Stock & index reviews (levels & targets)
NVDA
Key: 172 (neckline/“line in the sand”) gapped below into 169 short price target given last week.
Support: 169 (10-week EMA), 165 (overshoot).
Bounce path: 169 → 173 (gap fill), → 180 if >173 holds.
Breakdown target: ~152 if <172 persists (gap-down follow-through after bounce).
Context: H&S after earnings; China competition as major narrative headwind.
QQQ
Key: 575 (trigger/ short below)
Support: 559 short price target given last week (10-week ≈ 559.54), updated 557 support/risk if weakness extends post-NFP.

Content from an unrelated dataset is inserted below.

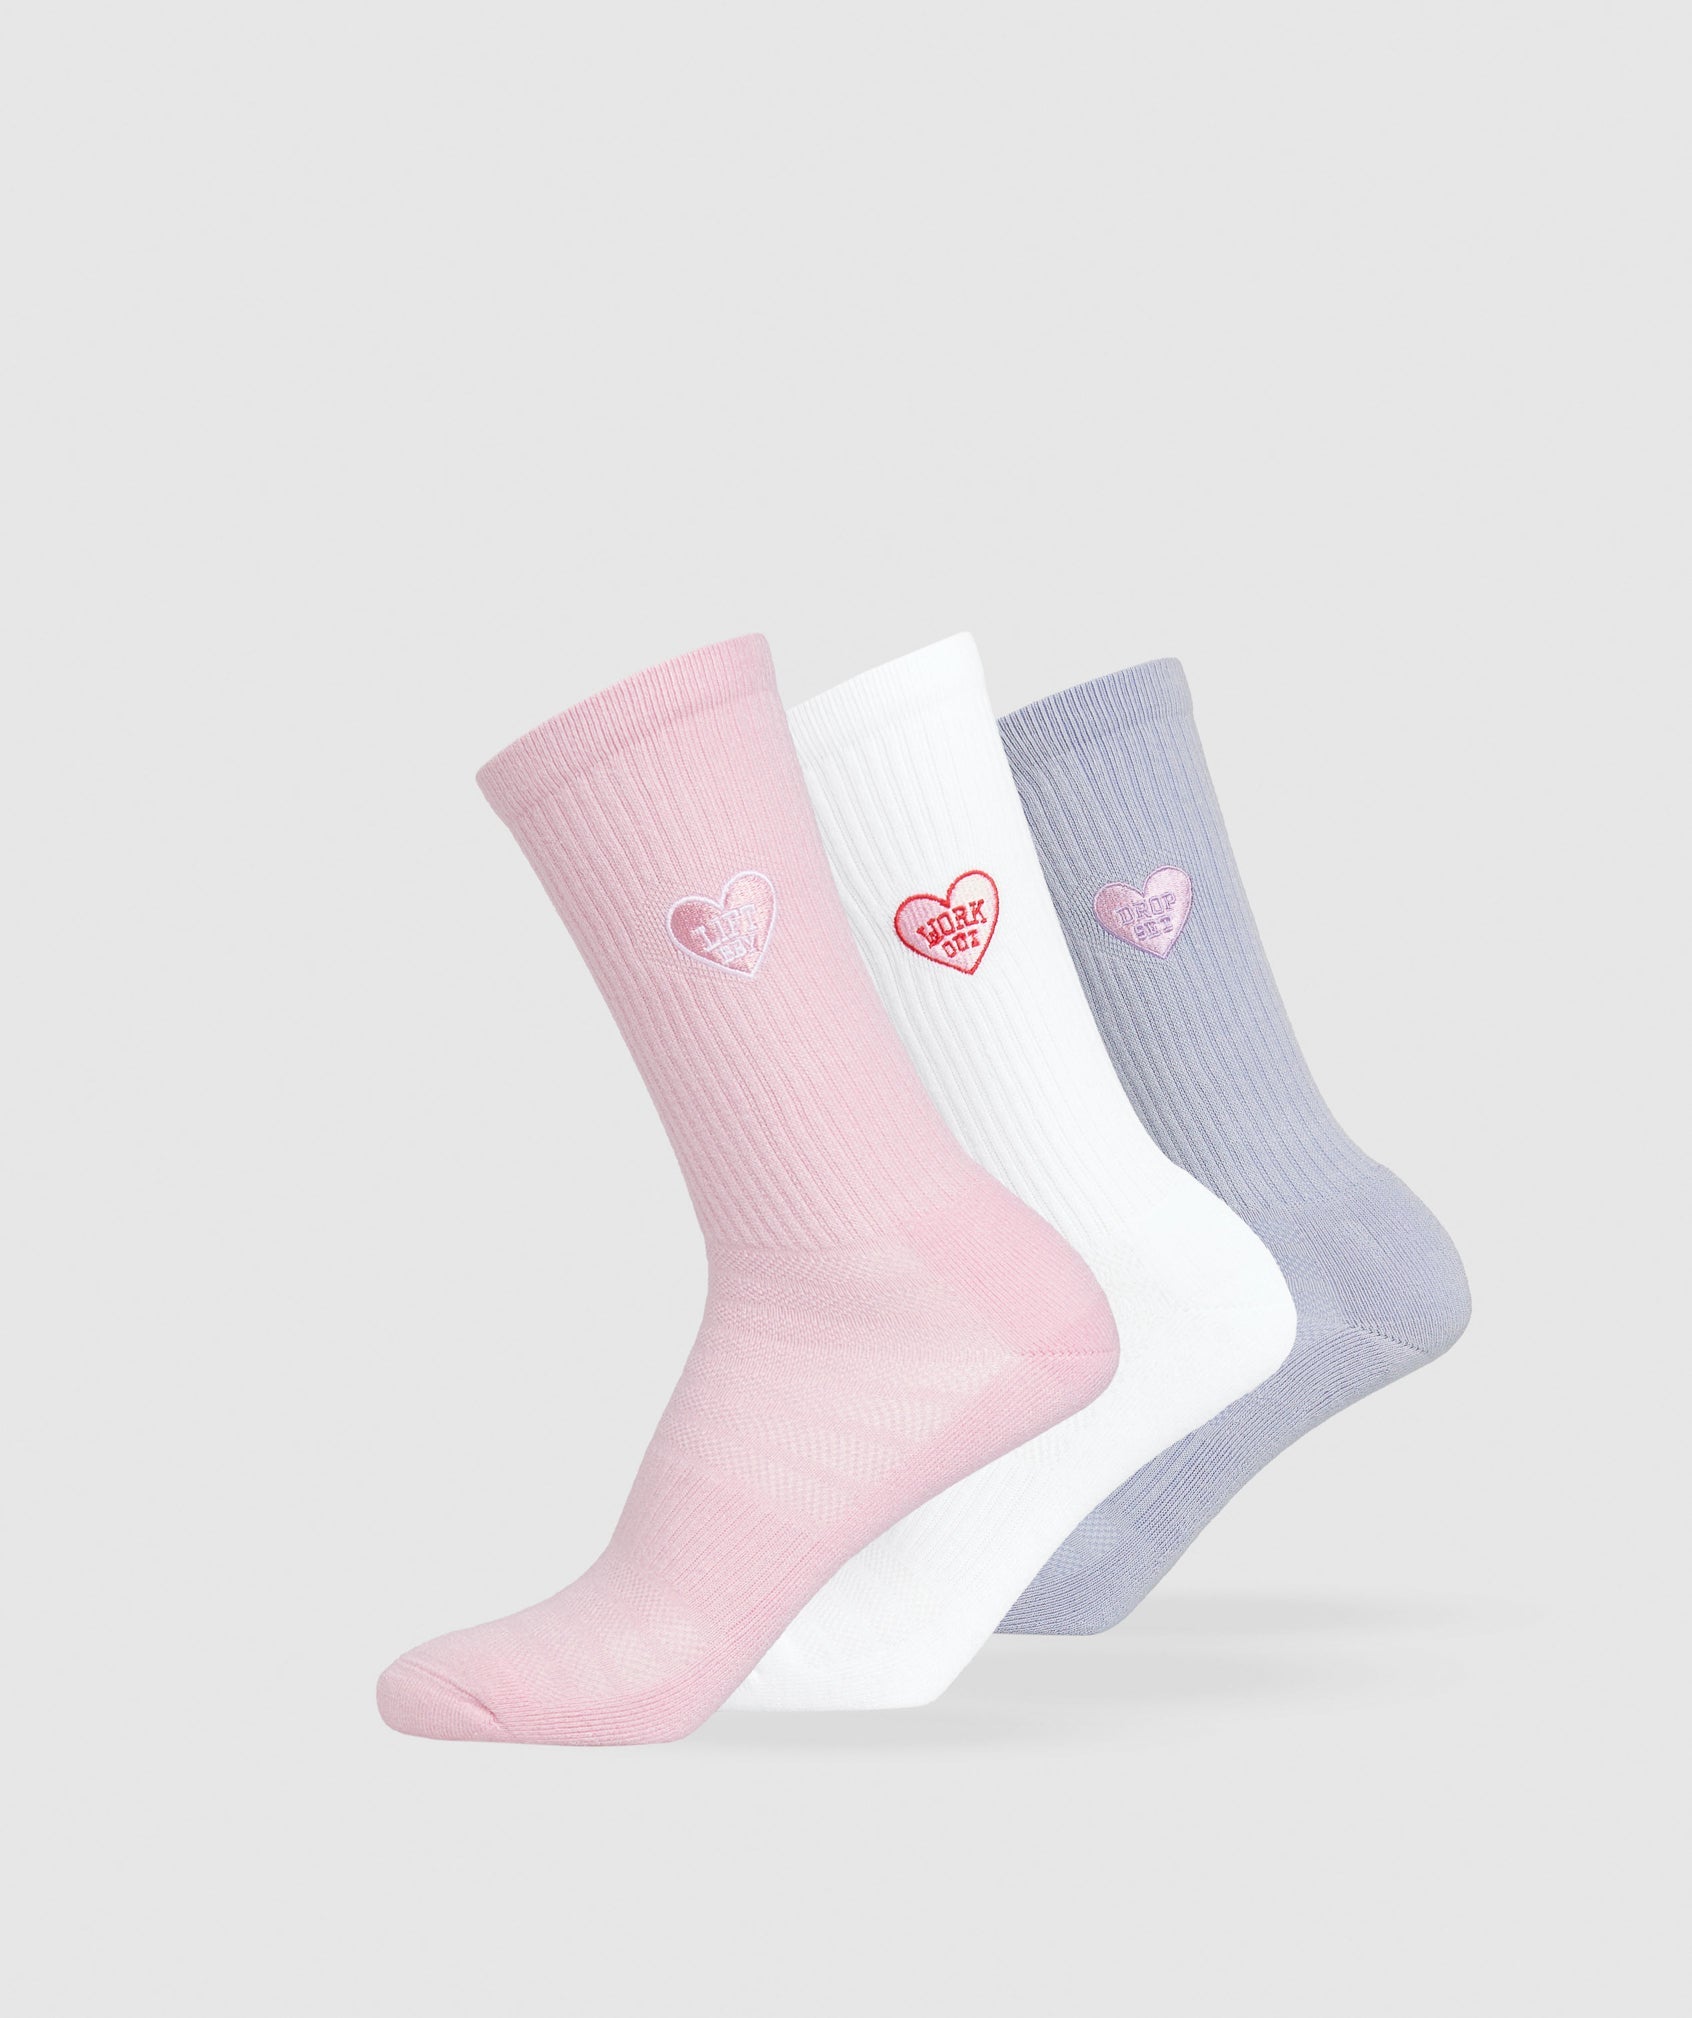 GFX 3pk Crew Socks in White/Silver Lilac/Dolly Pink - view 1

Upside: 568.54 daily gap-fill on bounce from 559 before rejection.
Risk tell: VXN > 23.52 → ~30.
SPX / ES
Gamma flip: 6407.
Pivot/defense: 6427; rejection there = lower.
Downside target: 6341 (watch into NFP).
Tape: SPX Put monetization when VIX < 19.5; otherwise falling back below market gets defended.
EBAY
Short from 8/25 from 100 to ~90 (10EMA 88.50) after break at 93.46 / 92.79 led to reversion to 10-week (target hit).
Next: Failed bounces at the 10-week risk a fresh leg lower; reclaim above 93.46 daily close neutralizes short.
Deutsche Bank (DB)
Short from 8/26 on exptended chart pattern, still hasn’t fully mean-reverted.
Magnet: 33.51 (mean). Lose it → deeper channel support.
First Solar (FSLR)
Range thesis: ~220 → ~180 working well. Needs to digest a flattening 200D before it can turn higher with conviction as trend long, recommended at 138.
Structure: Holds > 177–180 for the next up-leg.
Oracle (ORCL)
Recommended in early August as channel play for theta-decay short: 248 to 218.
Key level: <218 weekly close keeps pressure on short to 198.
Apple (AAPL)
Recommended long into 221 then as channel play for income harvesting: 237 to 220
GOOGL anti-trust news triggered AAPL spike into 238. Above is bullish; below is more channel chop.
Event Risk (Sep 9)
BABA
Recommended long since early 2024.
Has been constructive >117, now 126.80; prior high/overhead ~148.
Gap-up digestion expected; CN > US rotation tailwind.
JD
Early/lagging; explosive upside potential; support ~30, unhappy < 29.
Trigger: > 32.80 opens → 36 quickly (squeeze setup), but option tactic needs time (Oct $35 earliest; Jan better)
Shanghai Stock Exchange (SSE Composite)
Weekly/monthly structure very strong; momentum lighter than prior cycles, but trend turning up; better beta often in HK names even as SSE rises.